5. La célula hospedante de la reivindicación 4, en la que el policétido es producido por una policétido sintasa modular (PKS) producida por el gen de PKS en dicha célula hospedante, y

dicho gen de PKS está contenido en un vector que se replica de manera extra-cromosómica o se integra en el ADN cromosómico de tal célula hospedante.

6. La célula hospedante de cualquiera de las reivindicaciones 1 a 5, en medio que contiene hidroxocobalamina.

7. La célula hospedante de cualquiera de las reivindicaciones 1 a 6, que comprende dos vectores de expresión, uno de los cuales se integra en el ADN cromosómico de dicha célula.

8. La célula hospedante de cualquiera de las reivindicaciones 1 a 7, que comprende dos vectores de expresión, uno de los cuales es un plásmido.

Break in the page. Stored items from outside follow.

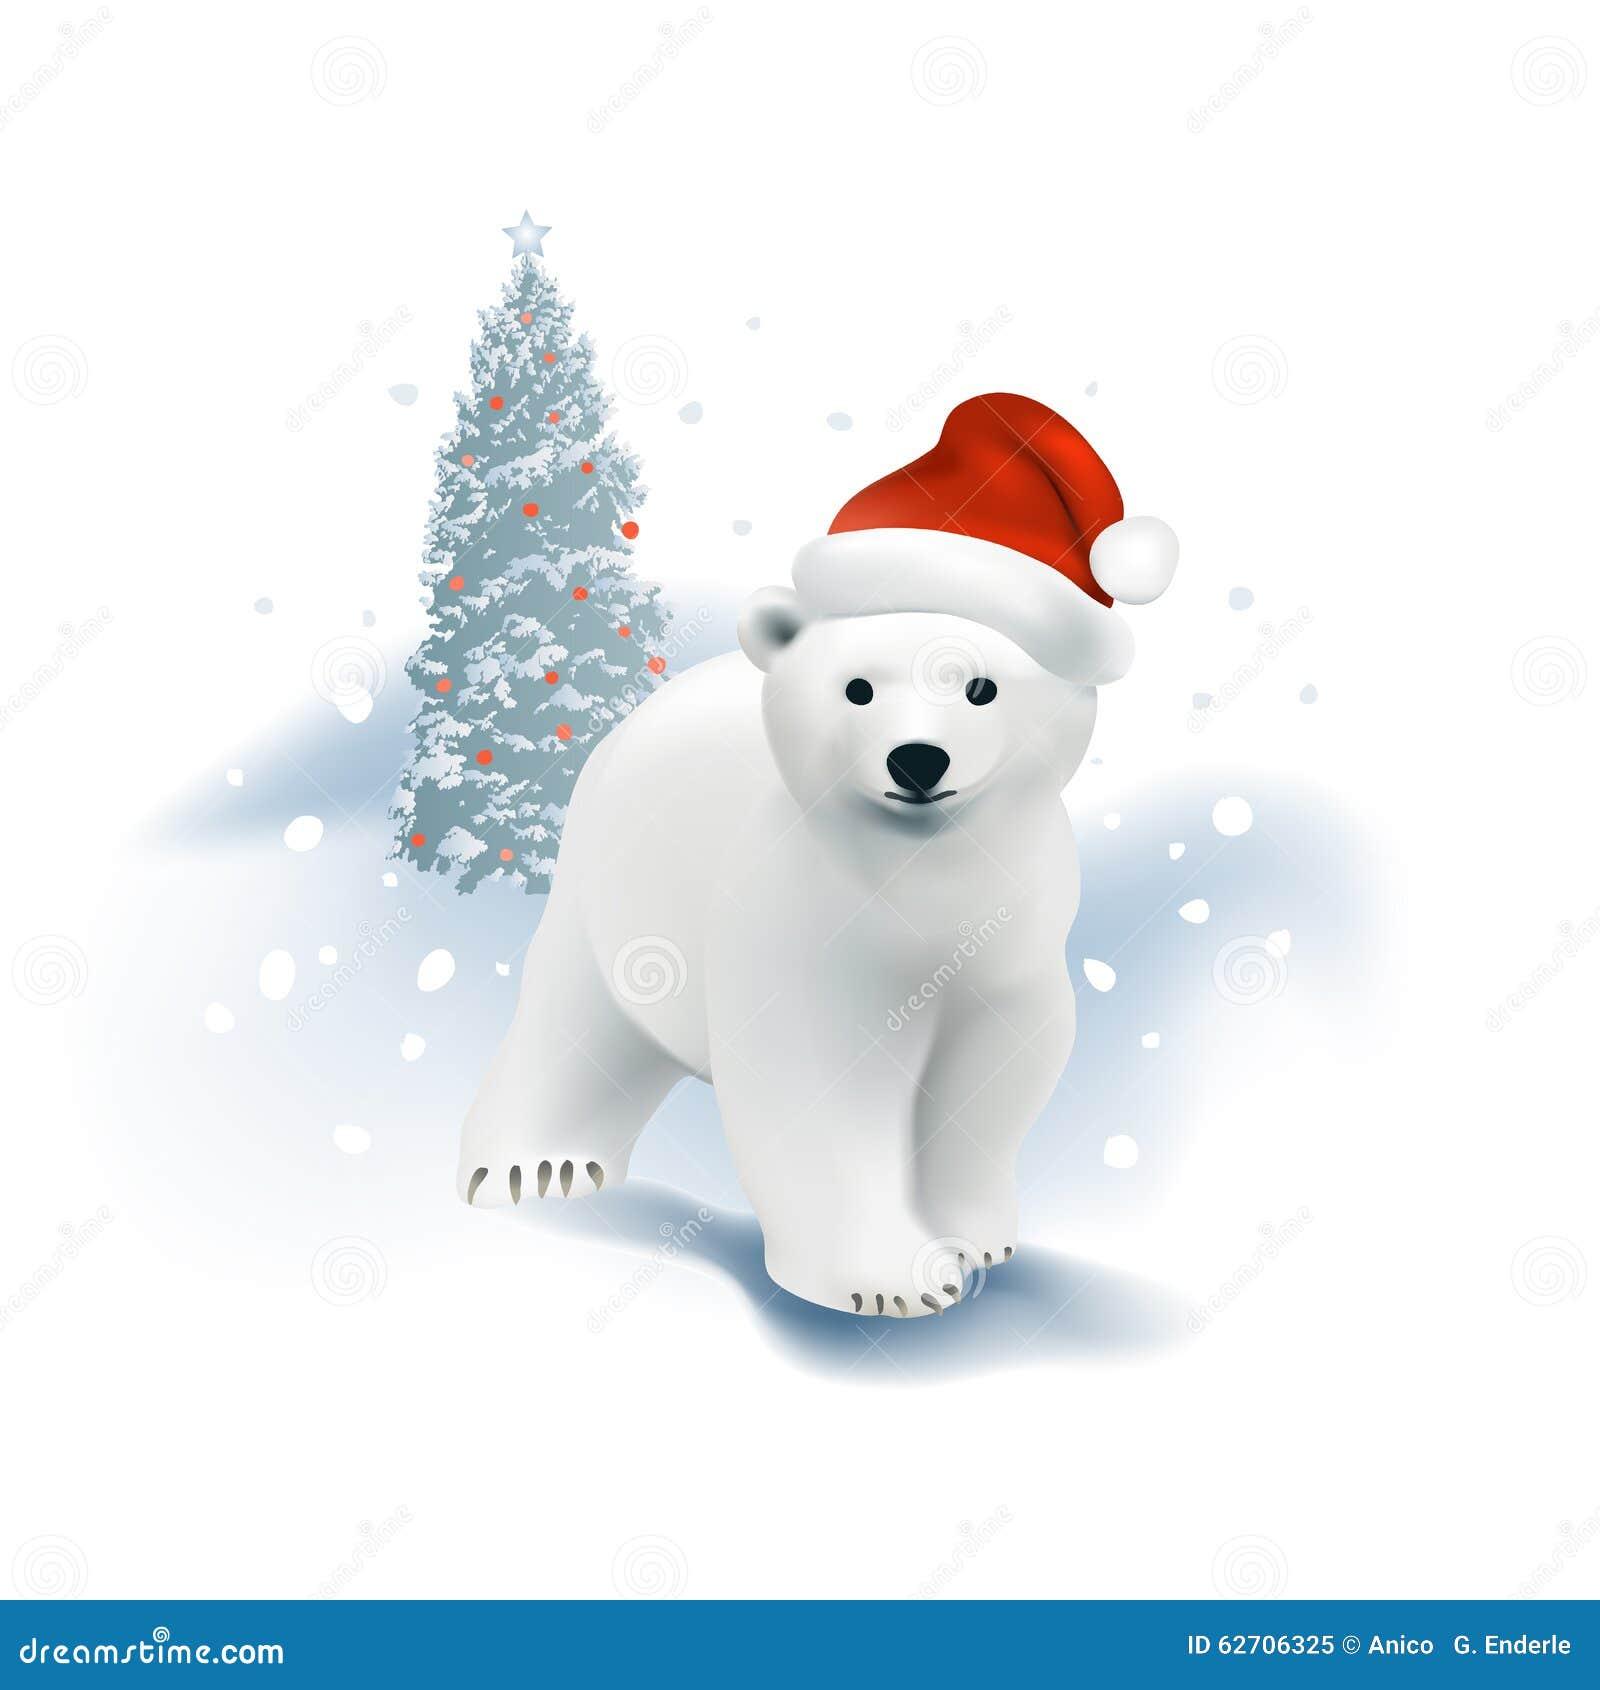 Cub πολικών αρκουδών με το καπέλο Santa και το χριστουγεννιάτικο δέντρο
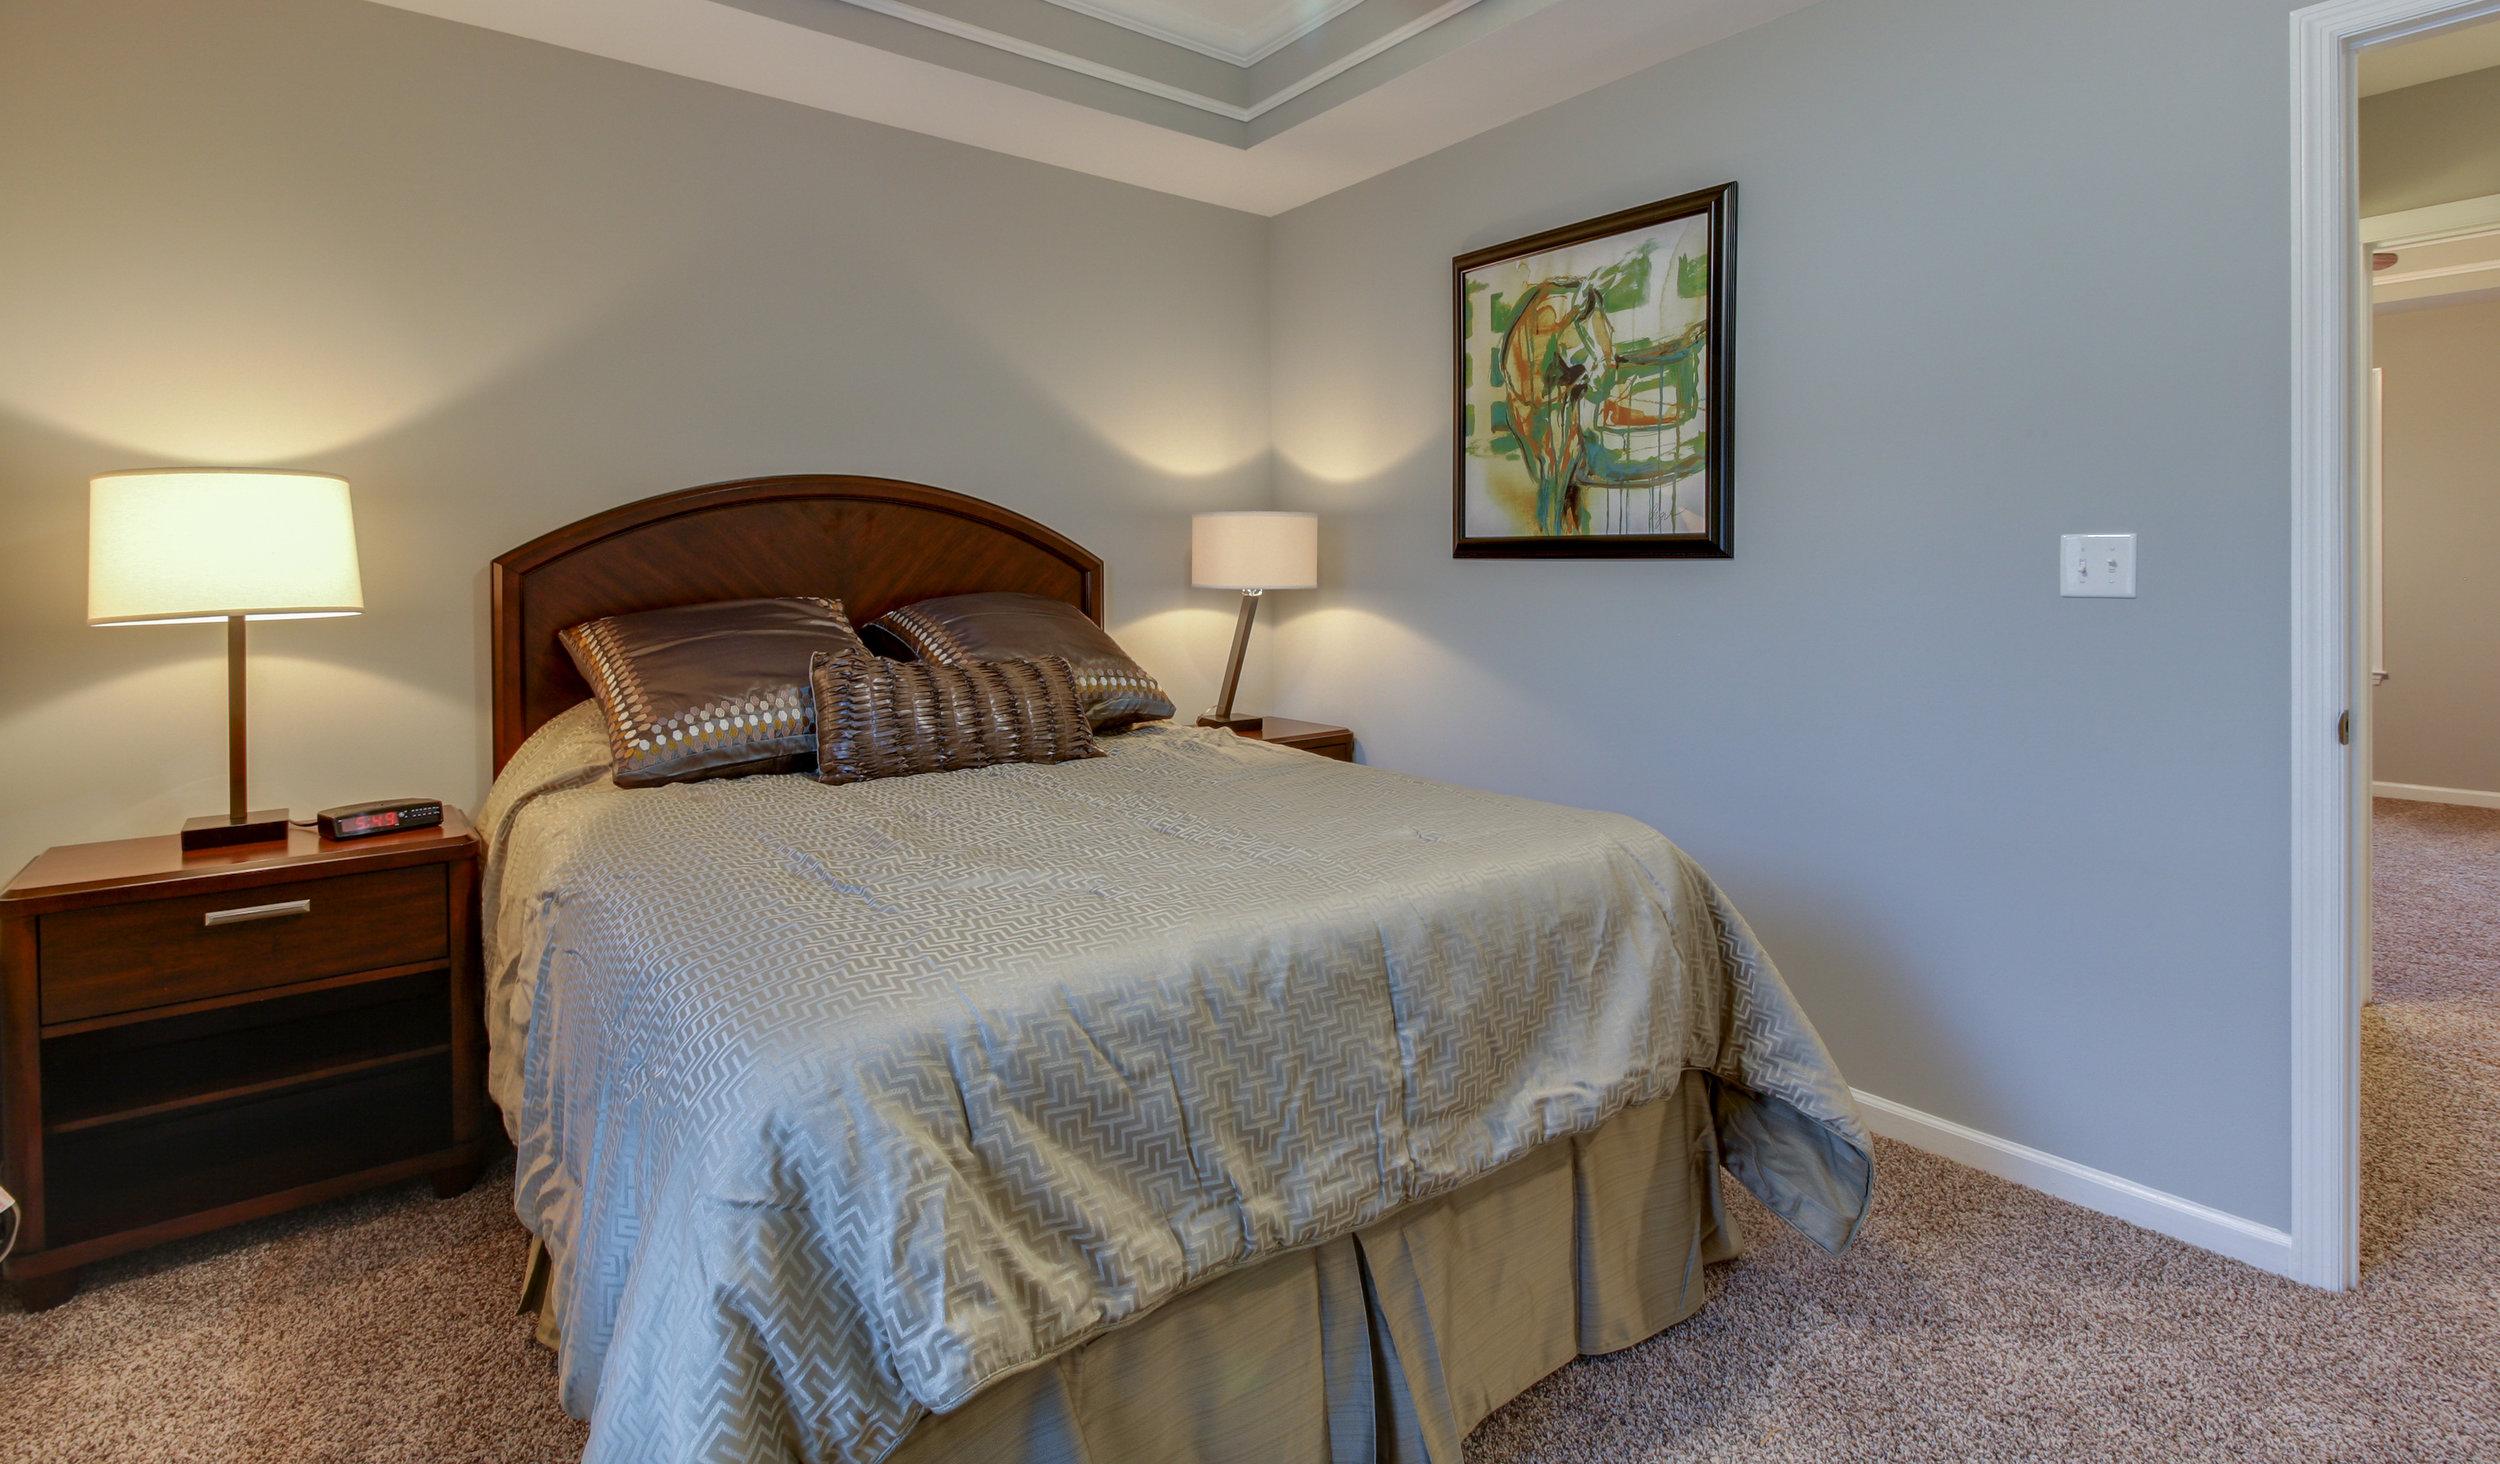 Davis Park Smyrna Bedroom 2 - Copy.jpg
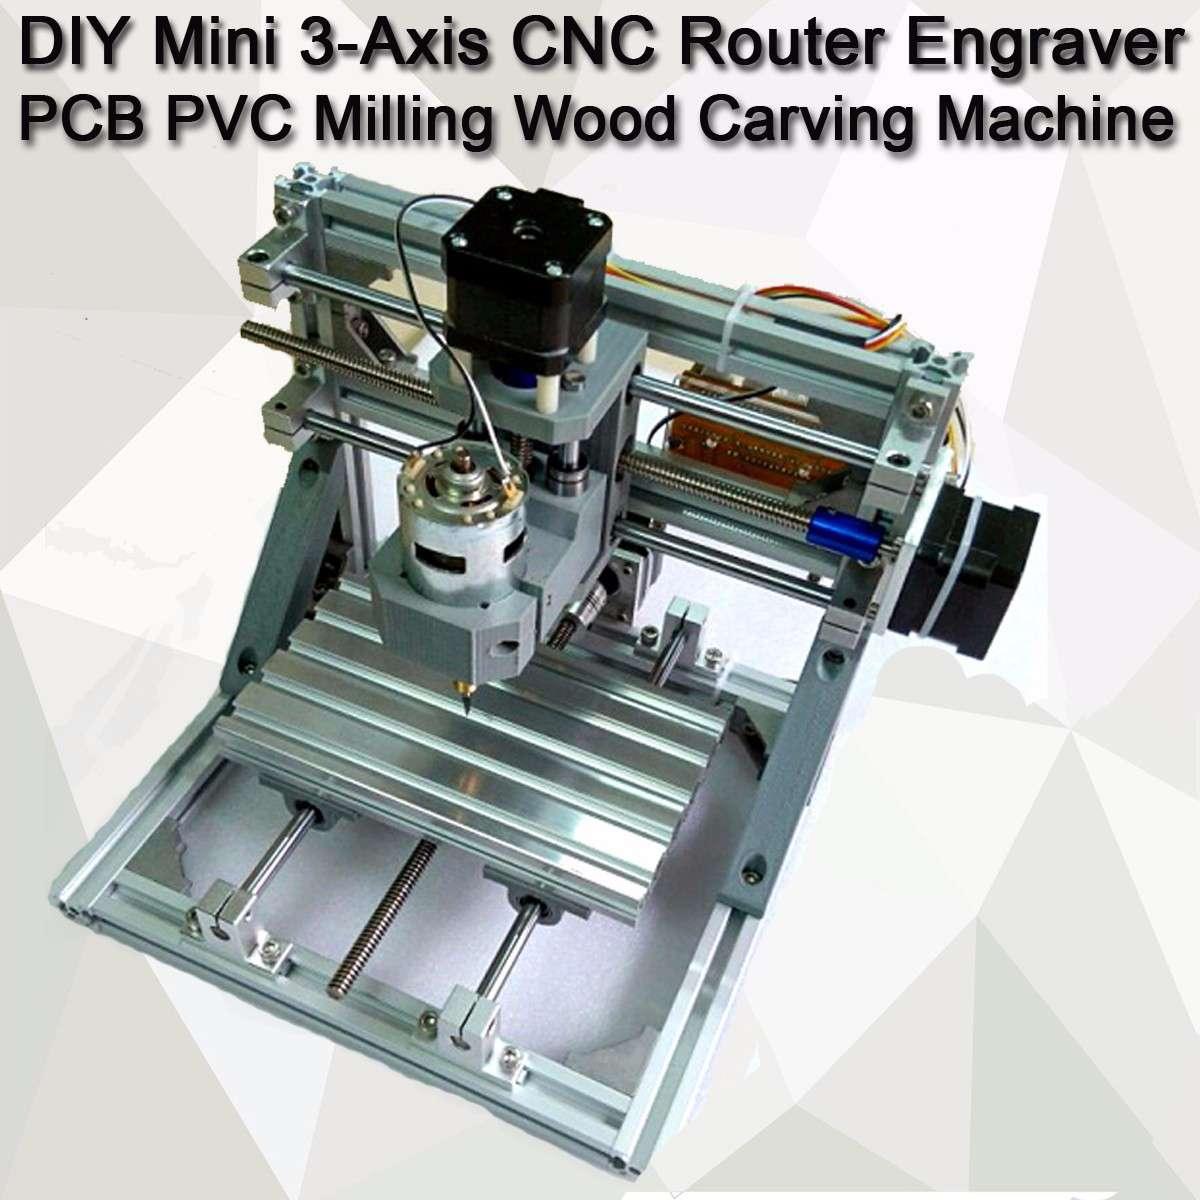 DIY Mini 3 Axis CNC Router Engraver PCB PVC Milling Wood Carving Machine DIY MDIY Mini 3 Axis CNC Router Engraver PCB PVC Milling Wood Carving Machine DIY M

9. La célula hospedante de cualquiera de las reivindicaciones 1 a 8, en la que dichos genes de metilmalonil-CoA mutasa son los genes mutA y mutB de la metilmalonil-CoA mutasa de Propionibacterium shermanii.

10. La célula hospedante de cualquiera de las reivindicaciones 1 a 8, en la que dichos genes de metilmalonil-CoA mutasa son los genes mutA y mutB de la metilmalonil-CoA mutasa de Streptomyces cinnamonensis.

11. La célula hospedante de cualquiera de las reivindicaciones 1 a 10, en la que uno o más de dichos genes está bajo el control de un promotor de un gen de E. coli.

12. La célula hospedante de cualquiera de las reivindicaciones 4 a 11, en la que dicha PKS es una 6-desoxieritronolida B sintasa.

13. Una célula hospedante de E. coli recombinante que comprende un sistema de expresión de propionil-CoA carboxilasa (pcc) que comprende los genes pccB y accA1 de S. coelicolor en el que dicho sistema de expresión de pcc produce una enzima capaz de sintetizar 2S-metilmalonil-CoA y que comprende además al menos un sistema de expresión para una policétido sintasa (PKS) modular.

14. La célula hospedante de la reivindicación 13, que comprende además un sistema de expresión de fosfopanteteinil-transferasa.

15. La célula hospedante de la reivindicación 14, en la que la fosfopanteteinil-transferasa es el gen sfp de Bacillus subtilis.

16. La célula hospedante de cualquiera de las reivindicaciones 13 a 15, en la que la célula hospedante comprende además un sistema de expresión para biotina transferasa.

17. La célula hospedante de la reivindicación 16, en la que el sistema de expresión para biotina transferasa es el gen birA de E. coli.

18. La célula hospedante de cualquiera de las reivindicaciones 14 a 17, en la que la PKS es desoxieritronolida B sintasa (DEBS).

19. La célula hospedante de cualquiera de las reivindicaciones 14 a 17, en la que el policétido es 6-desoxieritronolida B (6-dEB).

20. Un método para producir un policétido, que comprende cultivar la célula hospedante de cualquiera de las reivindicaciones 4 a 19 en condiciones tales que dicho gen de PKS se expresa para producir una PKS funcional, dicho 2S-metilmalonil-CoA se produce, y dicha PKS funcional sintetiza un policétido que incorpora dicho 2S-metilmalonil-CoA.